We need to identify which token positions correspond to "The answer is" in each probe.

In [None]:
def find_query_positions(full_text: str, query: str, tokenizer) -> List[int]:
    """Find token positions of the query phrase within the full text.
    
    Returns positions of query tokens in the tokenized full text.
    """
    # Tokenize full text
    full_tokens = tokenizer.encode(full_text, add_special_tokens=False)
    
    # Tokenize query (with space prefix to match how it appears in context)
    query_tokens = tokenizer.encode(" " + query, add_special_tokens=False)
    
    # Find where query tokens appear in full tokens
    query_len = len(query_tokens)
    for i in range(len(full_tokens) - query_len + 1):
        if full_tokens[i:i+query_len] == query_tokens:
            return list(range(i, i + query_len))
    
    # Fallback: try without space prefix
    query_tokens = tokenizer.encode(query, add_special_tokens=False)
    query_len = len(query_tokens)
    for i in range(len(full_tokens) - query_len + 1):
        if full_tokens[i:i+query_len] == query_tokens:
            return list(range(i, i + query_len))
    
    # If still not found, return last N positions (where N = query token count)
    print(f"Warning: Could not find exact query match in '{full_text[:50]}...'")
    return list(range(len(full_tokens) - query_len, len(full_tokens)))


# Test on first probe
test_probe = list(CONTEXT_PROBES.values())[0][0]
test_positions = find_query_positions(test_probe, QUERY_PHRASE, tokenizer)
print(f"Test probe: '{test_probe}'")
print(f"Query positions: {test_positions}")

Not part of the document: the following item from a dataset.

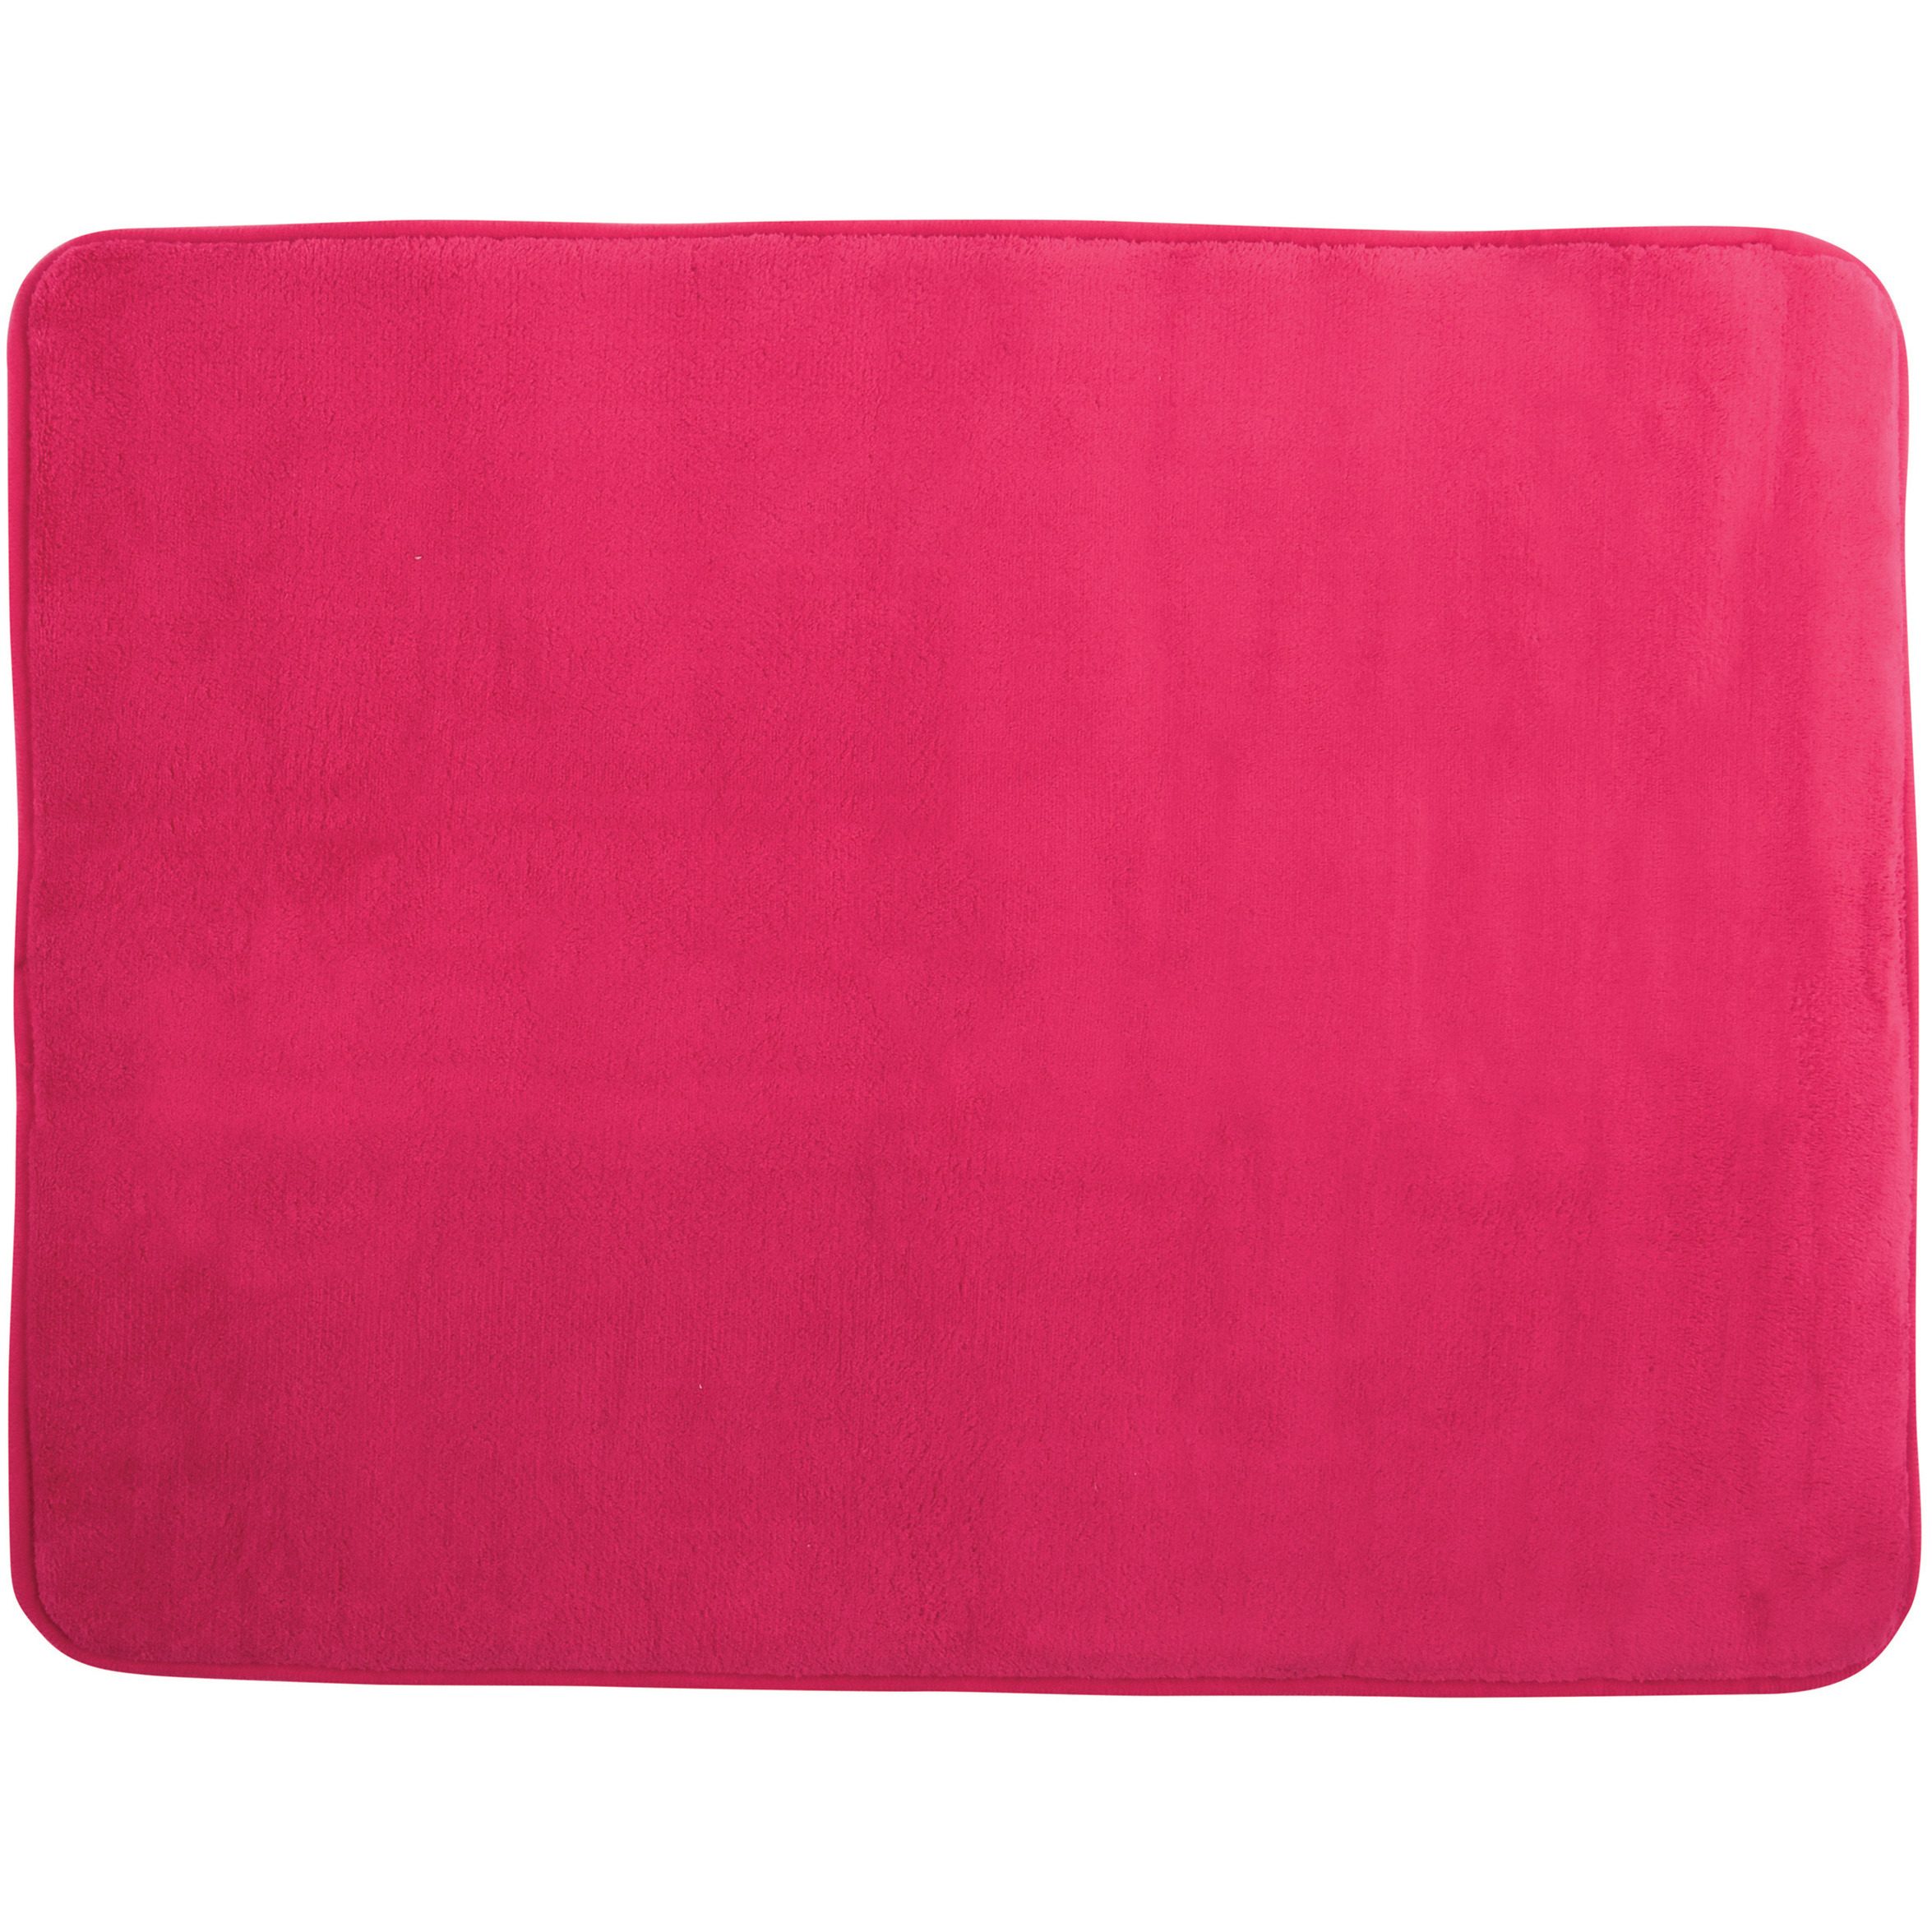 MSV Badkamerkleedje-badmat voor op de vloer fuchsia roze 50 x 70 cm
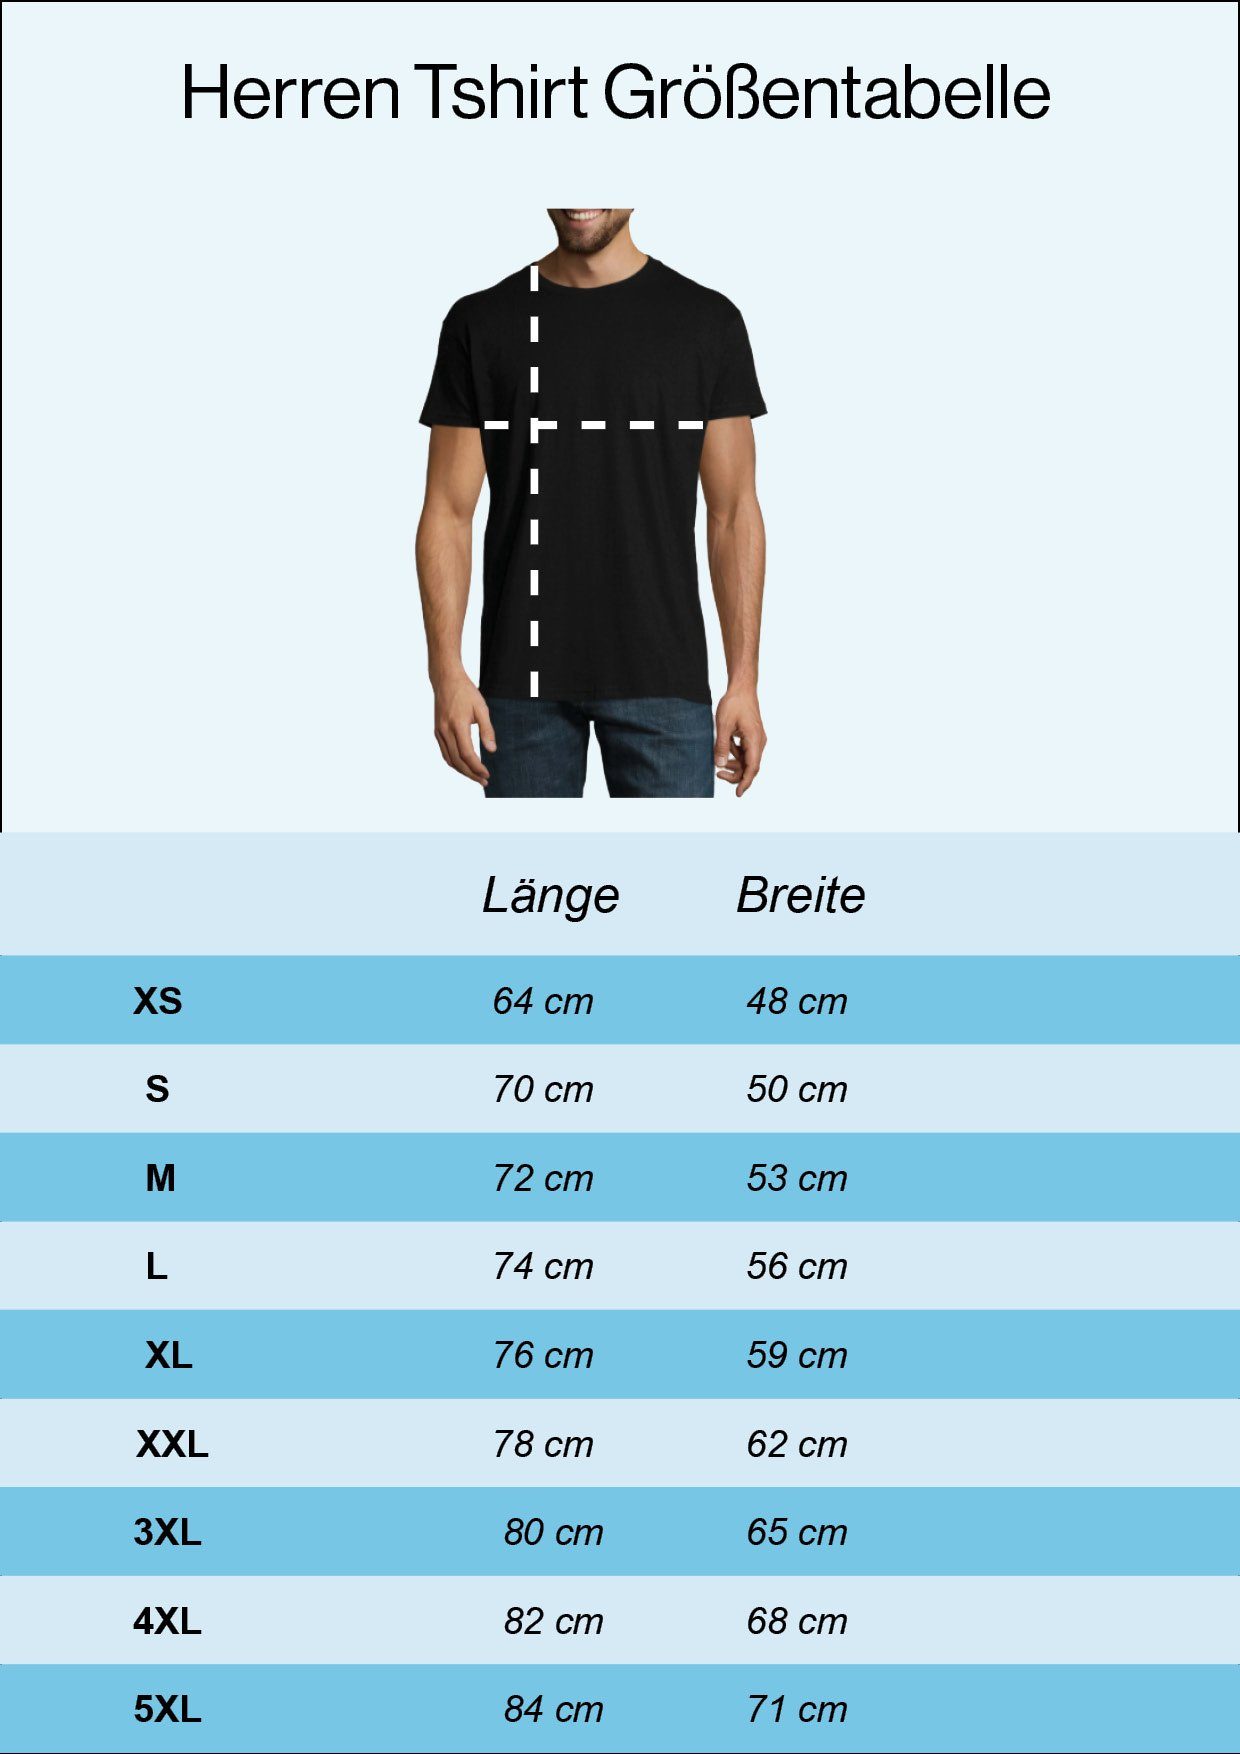 Herren Shirts Youth Designz T-Shirt Engineer Herren Shirt mit trendigem Ingenieur Frontdruck

# Show what tokens those positions correspond to
full_tokens = tokenizer.encode(test_probe, add_special_tokens=False)
query_token_ids = [full_tokens[p] for p in test_positions]
query_decoded = tokenizer.decode(query_token_ids)
print(f"Tokens at those positions: '{query_decoded}'")

## 9. Run Probes and Capture Activations

For each probe, we capture the activations ONLY at the positions corresponding to "The answer is".

In [None]:
# Set up activation capture
capture = ActivationCapture(model, config.layers_to_probe)

# Storage for results
all_activations: Dict[int, List[np.ndarray]] = {
    layer: [] for layer in config.layers_to_probe
}
all_labels: List[str] = []
all_texts: List[str] = []

print(f"Running context-controlled probes...")
print(f"Extracting activations for tokens: '{QUERY_PHRASE}'\n")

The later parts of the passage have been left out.